To implement regression calibration, we stack our previous estimating equations with the regression calibration estimating equations. Below is code that illustrates this process

>>> def psi(theta):
>>>     theta_calib = theta[:3]  # Calibration model parameters
>>>     theta_main = theta[3:]   # Naive model parameters
>>>     y_no_nan = np.where(d['Y'].isna(), -999, d['Y'])
>>>     r = np.asarray(d['S'])
>>>     # Naive regression model
>>>     ee_logit_star = ee_regression(theta=theta_main, y=y_no_nan,
>>>                                   X=d[['C', 'A_star']],
>>>                                   model='logistic')
>>>     ee_logit_star = ee_logit_star * r  # Only main-study contributes
>>>     # Regression calibration
>>>     ee_calib = ee_regression_calibration(theta=theta_calib,  # Calibration parameters
>>>                                          beta=theta_main[1], # Coefficient to correct
>>>                                          a=d['A'],           # True A
>>>                                          a_star=d['A_star'], # Mismeasured A
>>>                                          r=r)                # Validation set indicator
>>>     return np.vstack([ee_calib, ee_logit_star])
>>> estr = MEstimator(psi, init=[0, 0.75, 0, 0, 0])
>>> estr.estimate()

Note that 5 initial starting values are provided, 3 for the regression calibration equations and 2 for the main model. Further, note that the second parameter is non-zero. Providing a starting value of zero will result in a division by zero error. It is recommended to have the starting value between 0.5 and 1. Finally, note that the naive log-odds ratio is provided to ee_regression_calibration via the beta argument. This argument tells ee_regression_calibration which coefficient needs to be corrected.
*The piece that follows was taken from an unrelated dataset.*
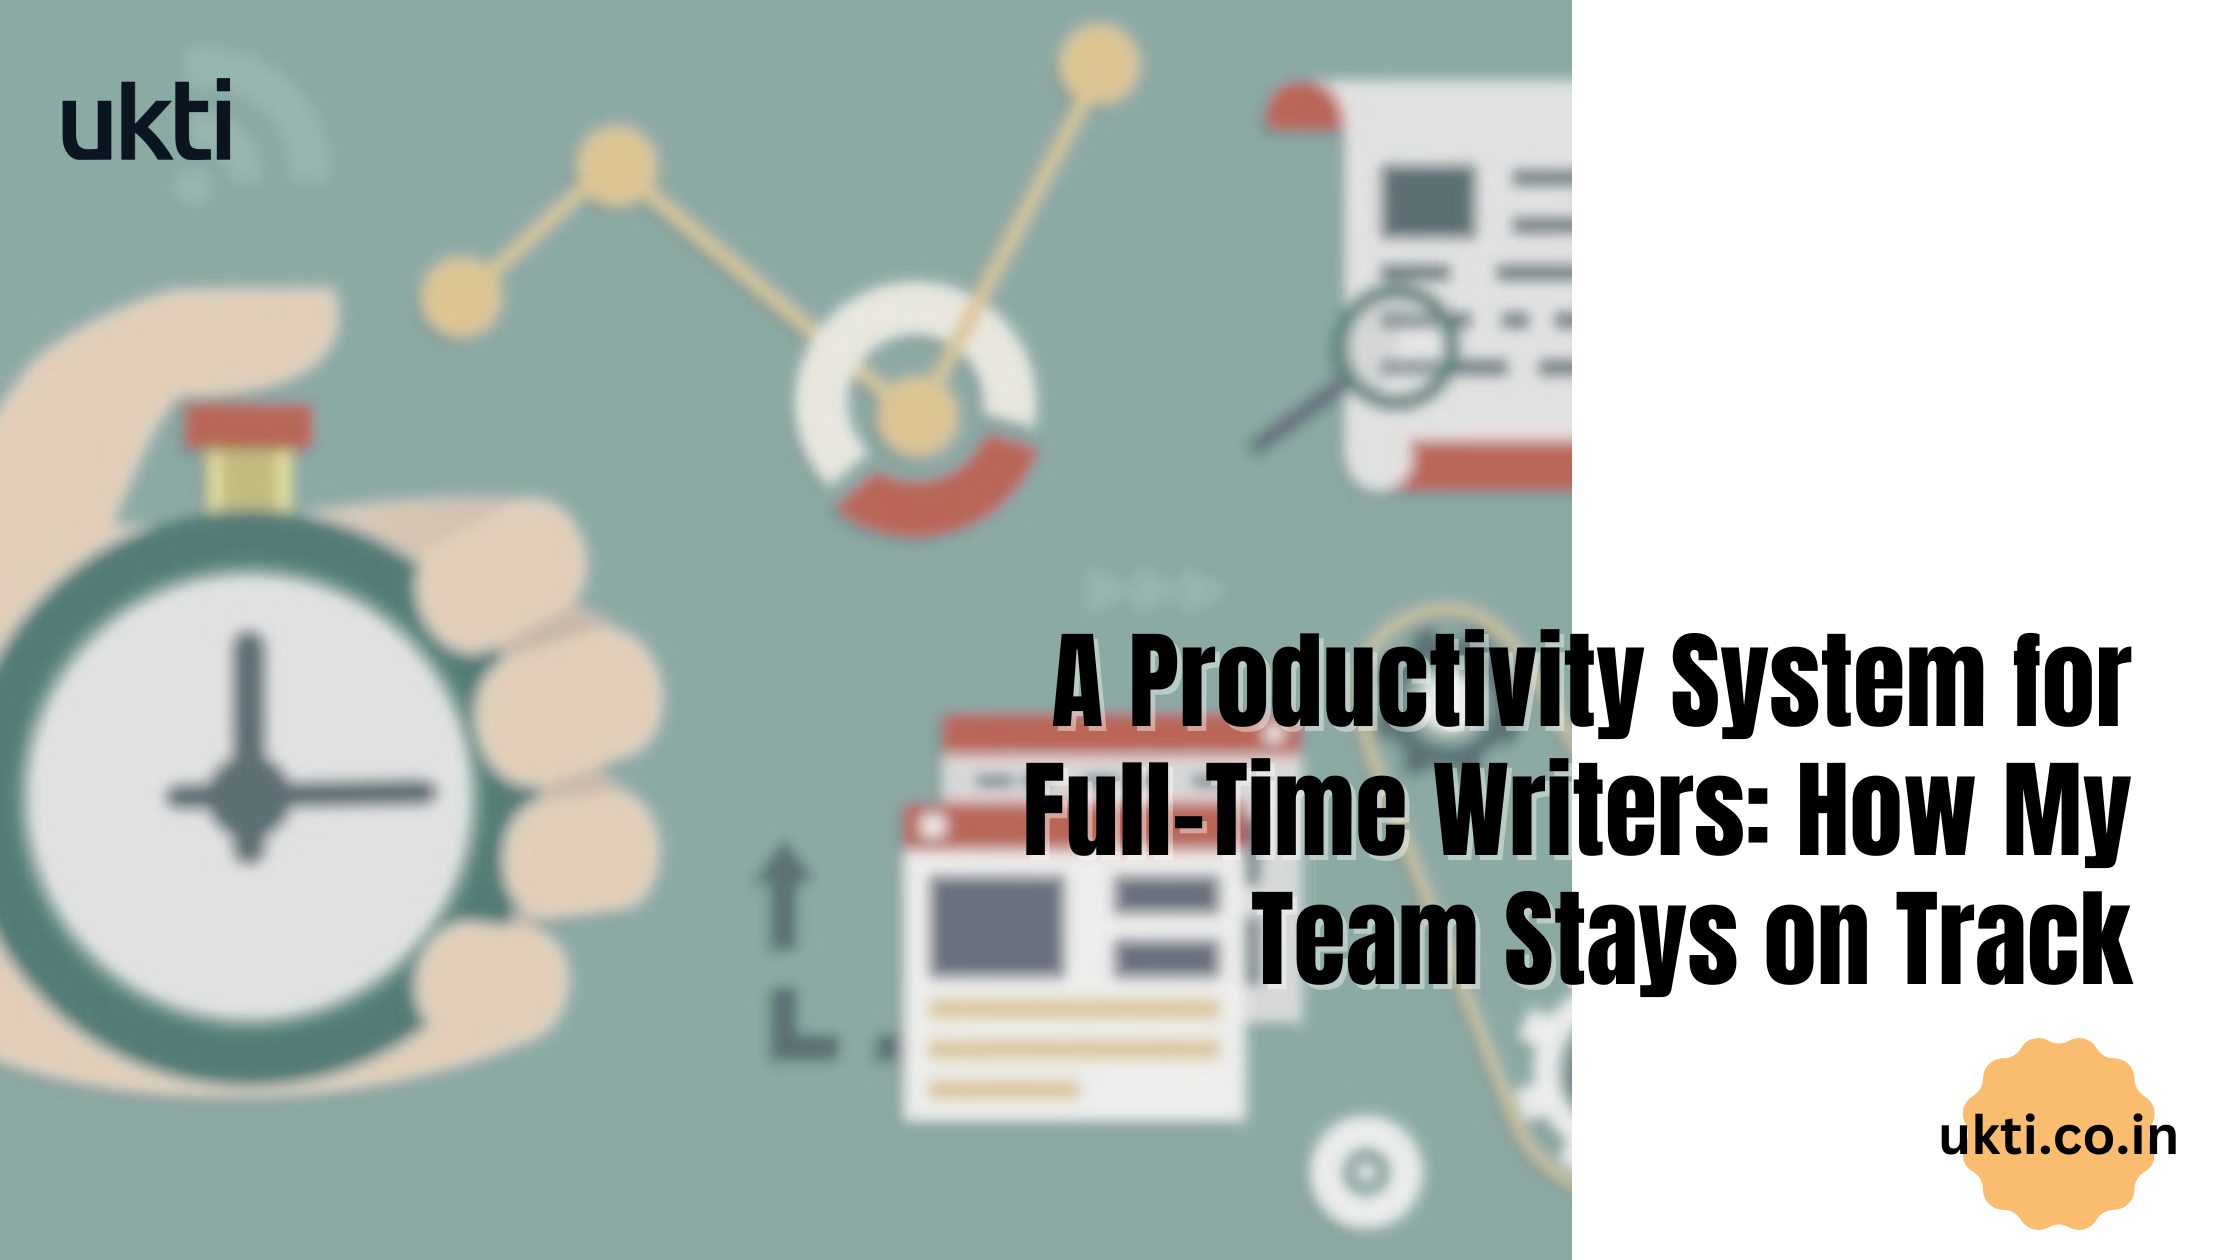 How to Become a More Productive Writer?

Inspecting the parameter estimates

>>> estr.theta[0]                    # Corrected log-odds ratio
>>> estr.theta[1]                    # Calibration factor for the coefficient
>>> estr.theta[-1]                   # Uncorrected log-odds ratio (for this setup)
>>> estr.theta[-1] / estr.theta[1]   # Equivalent to estr.theta[0]

While one could calculate the corrected odds ratio by-hand, the sandwich variance estimator provides a consistent estimate of the variance in this context. The provided estimating equation method can be easily extended to account for measurement error of conditional odds ratios, parameters of generlized linear models, or marginal structural models.

Weighted calibration models can be estimated by specifying the optional weights argument (weights are not used to calibrate the coefficient).

References

Boe LA, Lumley T, & Shaw PA. (2024). Practical Considerations for Sandwich Variance Estimation in 2-Stage Regression Settings. American Journal of Epidemiology, 193(5), 798-810.

Cole SR, Chu H, & Greenland S. (2006). Multiple-imputation for measurement-error correction. International Journal of Epidemiology, 35(4), 1074-1081.

Cole SR, Jacobson LP, Tien PC, Kingsley L, Chmiel JS, & Anastos K. (2010). Using marginal structural measurement-error models to estimate the long-term effect of antiretroviral therapy on incident AIDS or death. American Journal of Epidemiology, 171(1), 113-122.

Rosner B, Willett WC, & Spiegelman D. (1989). Correction of logistic regression relative risk estimates and confidence intervals for systematic within‐person measurement error. Statistics in Medicine, 8(9), 1051-1069.